Cahaya yang dia peroleh hanyalah sehelai kecil.

Ini mungkin hanya puncak gunung es.

Cahaya itu muncul entah dari mana di tubuh mereka. Tidak diketahui apakah itu karena pertarungan di tingkat atas atau sesuatu yang lain.

Dia berniat untuk mencari tahu.

Namun, setelah mencapai tingkat kelima, dia menemukan bahwa penghalang gelap akan segera menghilang. Tidak akan lama lagi sebelum binatang buas ganas ini bergabung dalam pertarungan.

Jiang Lan memandang binatang buas itu dan memiliki pikiran lain.

Jika…

Jika dia melepaskan binatang buas ganas dari semua tingkat ke tingkat kelima dan membersihkan mereka semua sendiri.

Akankah dia mendapatkan lebih banyak kesempatan yang menguntungkan?

“Mari kita coba.”

Jiang Lan menuju ke tingkat kelima. Setelah masuk, dia menemukan bahwa tempat ini agak mirip dengan tingkat keempat.

Ada platform di sekelilingnya juga. Tingkat keempat memiliki jurang, yang merupakan Purgatorium Iblis Mental.

Namun, di tingkat kelima, ada aura yang membakar di bawahnya.

Rasanya seperti neraka yang membara.

Dia tidak terlalu memperhatikannya. Dia berencana untuk mencoba bertarung dengan seseorang untuk melihat apakah dia bisa mendapatkan secercah cahaya itu lagi.

Tak lama kemudian, ia bertemu dengan seorang kultivator wanita.

Tubuh kultivator wanita ini terbakar saat ia melompat dari bawah platform.
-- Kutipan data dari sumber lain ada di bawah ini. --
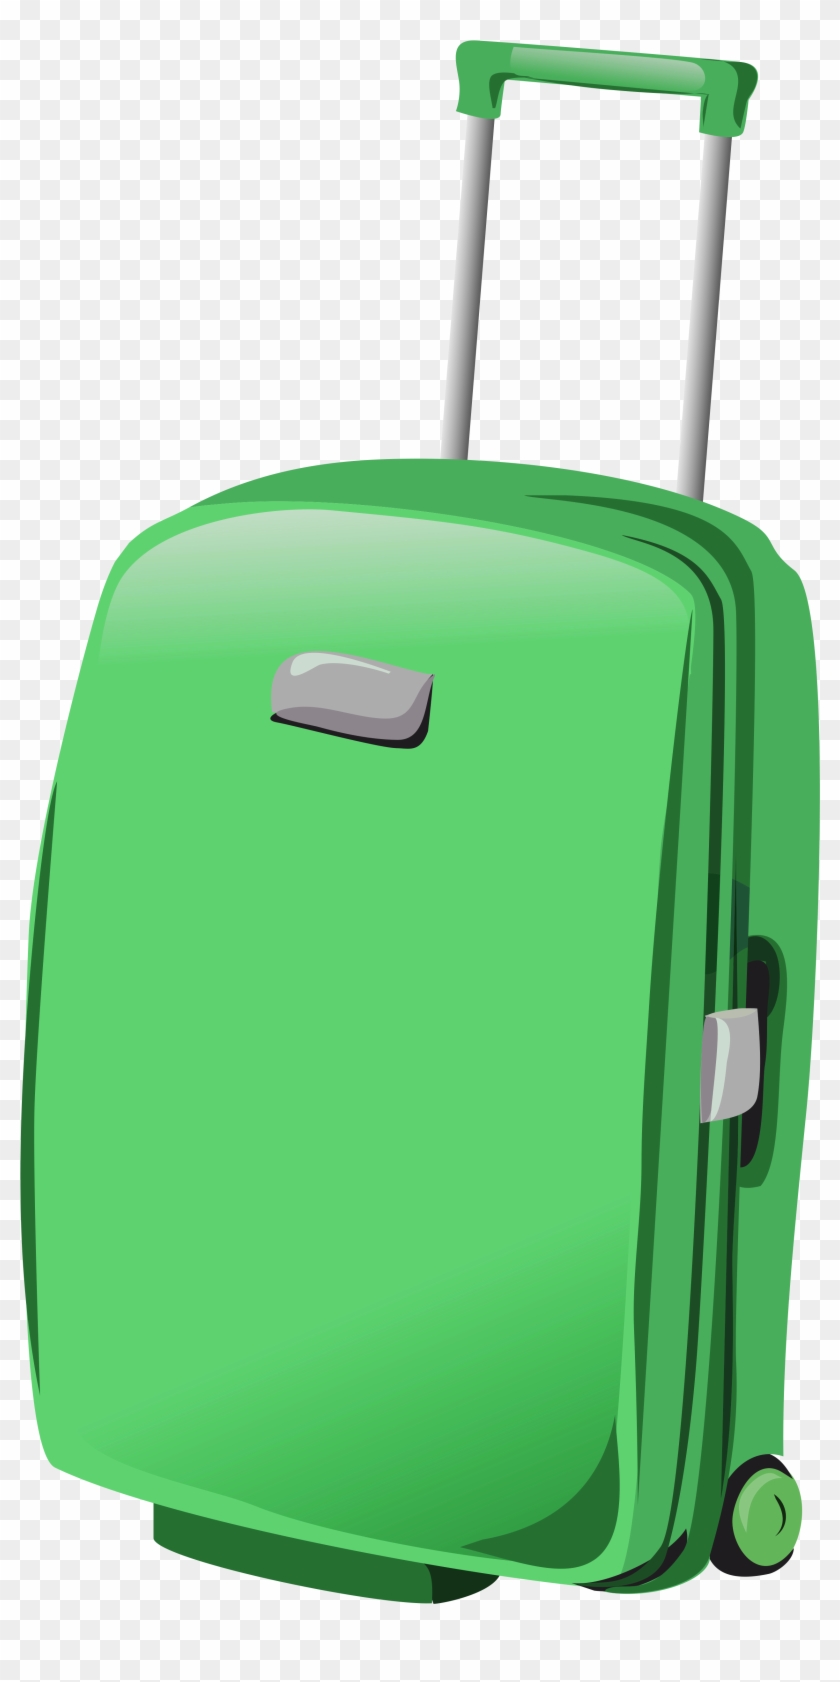 Green Suitcase Png Clipart - Transparent Background Suitcase Clipart #222379
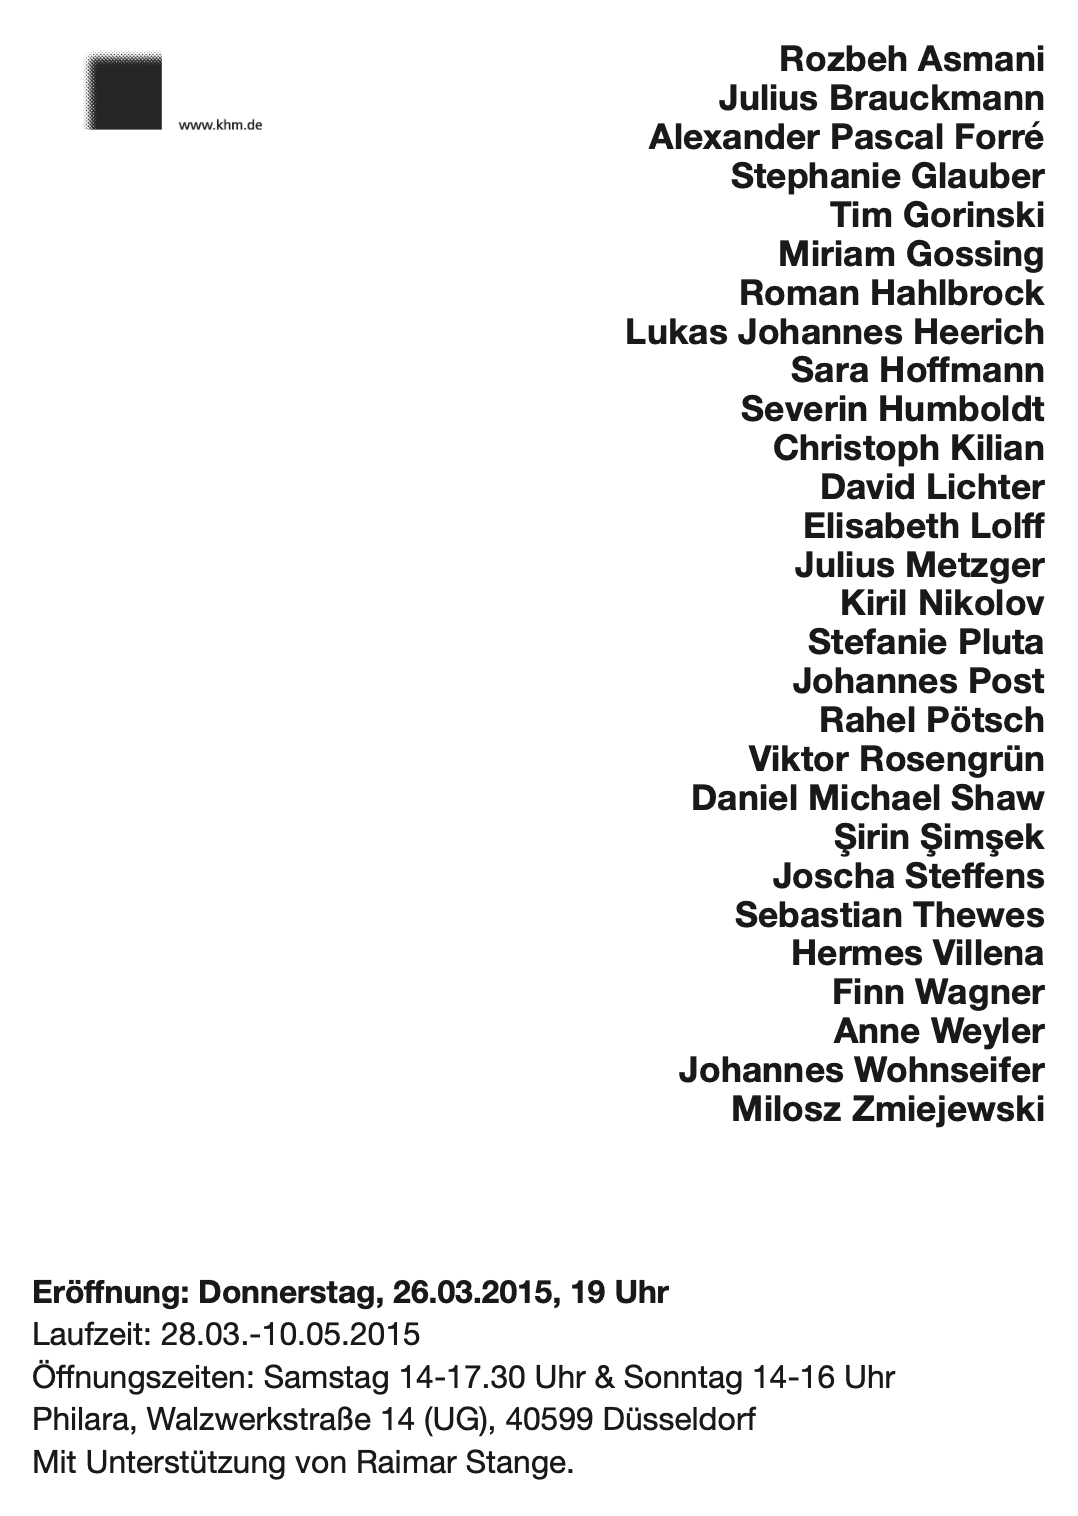 2015 Exhibition Sammlung Philara Duesseldorf Are You Series

Api itu tidak melukainya. Sebaliknya, api itu diserap olehnya.

Ia mungkin bersembunyi di bawah sana, menunggu mangsa.

“Saudara…”

Boom!

Jiang Lan mengeluarkan tombaknya dan menusuk tubuh kultivator wanita itu.

Cahaya yang muncul padanya adalah cahaya eliminasi.

Kultivator wanita itu menatap Jiang Lan dengan terkejut. Ia membuka mulutnya dan mengeluarkan tangisan menyedihkan.

“Aku hanya akan bertanya arah…”

Jiang Lan: “…”

Kultivator wanita itu berubah menjadi cahaya dan pergi.

Ia meninggalkan harta Dharma berbentuk cambuk.

Kali ini, Jiang Lan tidak mengambilnya.

Itu terlalu tidak berguna.

Hanya saja ketika kultivator wanita ini dikirim keluar dari Menara Puncak Hitam oleh Jiang Lan, ia merasakan seberkas cahaya yang sangat samar muncul sebelum diserap olehnya.

Dibandingkan dengan cahaya yang diserapnya di tingkat keempat, ini bahkan tidak sampai 1%.

“…”

Apa yang terjadi?

“Apakah cahaya itu dipicu karena aku atau karena orang lain?”

“Jika itu aku, lalu siapa yang kukalahkan?”

Jiang Lan langsung teringat pada Kakak Seniornya.

Saat itu, dialah yang mengirim Kakak Seniornya keluar dari menara.

Apakah dia dianggap sebagai pemenang karena itu?

Bahkan orang-orang dari Kunlun memiliki kesempatan yang begitu menguntungkan?

Tapi mengapa Kakak Senior memiliki begitu banyak?

Mengapa cahaya dari Manusia Abadi ini tampak begitu tidak berarti?

“Karena dia adalah Dewi Kunlun?”

Ini adalah identitas paling istimewa Xiao Yu.

Lebih jauh lagi, karena dia tinggal bersama Xiao Yu, dia mampu meningkatkan kemajuannya dalam mengendalikan Posisi Dewa.

Dengan kata lain, menjadi Dewi Kunlun memberinya status yang lebih tinggi.

Haruskah dia mengalahkan Xiao Yu setiap hari mulai sekarang?

Dia bisa mencoba.

Dia tidak terlalu memikirkannya.

Jiang Lan berjalan masuk.

Karena itu memiliki beberapa efek, maka dia akan membersihkan semua orang di level ini kali ini.

Setelah itu, dia akan melepaskan binatang buas.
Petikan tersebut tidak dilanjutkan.